Upon arrival, the first two people he met were married college sophomores. He strolled down a street where he saw a bridal shop, a boutique that sells baby clothes, another bridal shop, an engagement ring store and a brand new wedding venue. He didn’t think it was normal, especially for a college town.

When he went to a local restaurant, the hostess cheekily explained, “That’s why we call it BYU I Do.” Carney had found himself in Madison County, Idaho. Specifically, he was in Rexburg, Idaho.

Timothy Carney, AEI fellow, delivers a speech at Brigham Young University on March 14, 2024. | Hanna Seariac, Deseret News

The cultural components of religion that involve having big families was a factor Carney identified as what led to the higher birth rate. And this wasn’t just true for people in a particular area that are religious.

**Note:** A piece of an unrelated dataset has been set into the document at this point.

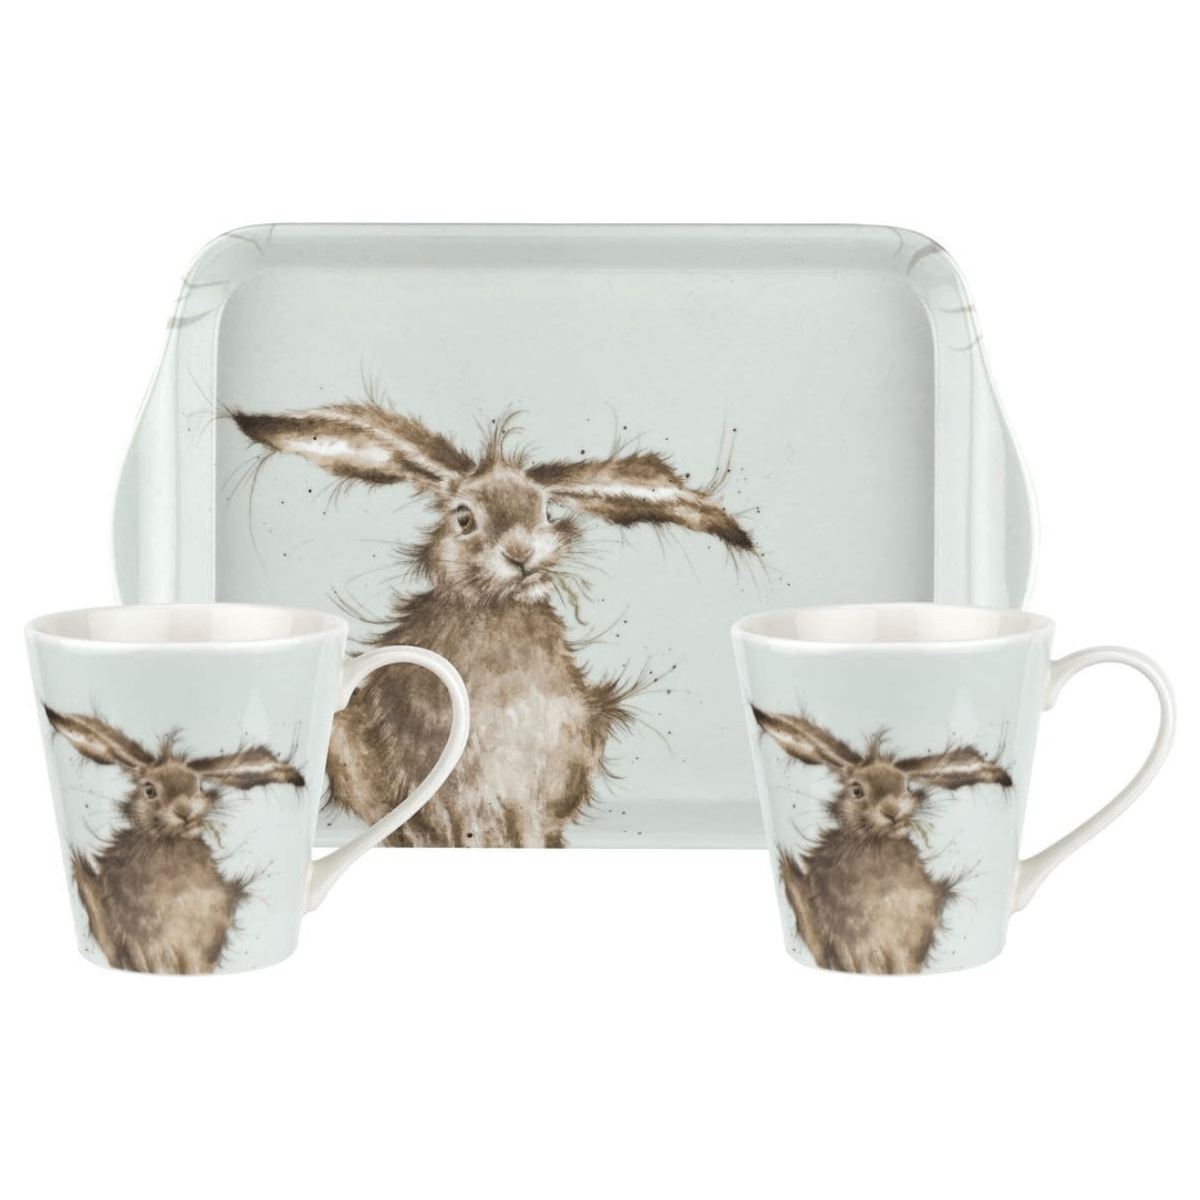 Wrendale Designs Kitchen Accessories Hare Design Mug and Tray Gift Set

To make his point, Carney spoke about his trip to Israel where he talked to secular Jewish people who told him that religion had nothing to do with their decision to have kids. “Secular people in Israel have more babies than the average American, so something is happening that trickles out of religious belief,” he said.

Areas with strong religious beliefs and cultures can make an area family-friendly, and lead to a higher birthrate. In order for families to thrive, other family members and community members have to be involved, Carney said. But it’s not just religious entities alone.

Making this point again in a conversation with BYU professor Jason Carroll, Carney pointed toward what’s happened with sports leagues. One of his sons had the opportunity to play on a traveling baseball team. After his son made the team, the coach emailed over workouts (the kids were 12 years old) and told them, “Baseball isn’t fun. Winning baseball is fun.”

Turning sports into a job and taking the fun out of it posed a problem, Carney said. He decided their family wouldn’t take it so seriously.

Little Leagues in some towns create strong communities, he said. In the town where he now lives with his family in Virginia, Carney said if the mom of a kid on a Little League team has an accident or gets sick, someone else from that baseball team community will bring over a casserole.

Having children doesn’t just require communities to have a strong family-friendly culture, it also takes personal sacrifice. Oftentimes where that sacrifice occurs is through career choice.

It’s not “terribly common” to have a boss that knows family matters more than a job, Carney said, but if you find one, that’s ideal. “In fact, I emailed Paul (Edwards, Wheatley executive director) earlier and I said tonight my family are doing this nightly prayer and so whatever you had me scheduled for at exactly that time, I’m going to step out and do it with my family.”

Carney said sometimes you have to assert yourself to prioritize your family.

“When I introduced myself, people know right away I have six kids,” Carney said. “And if you assert yourself in that regard, a lot of people will accommodate and respect that.”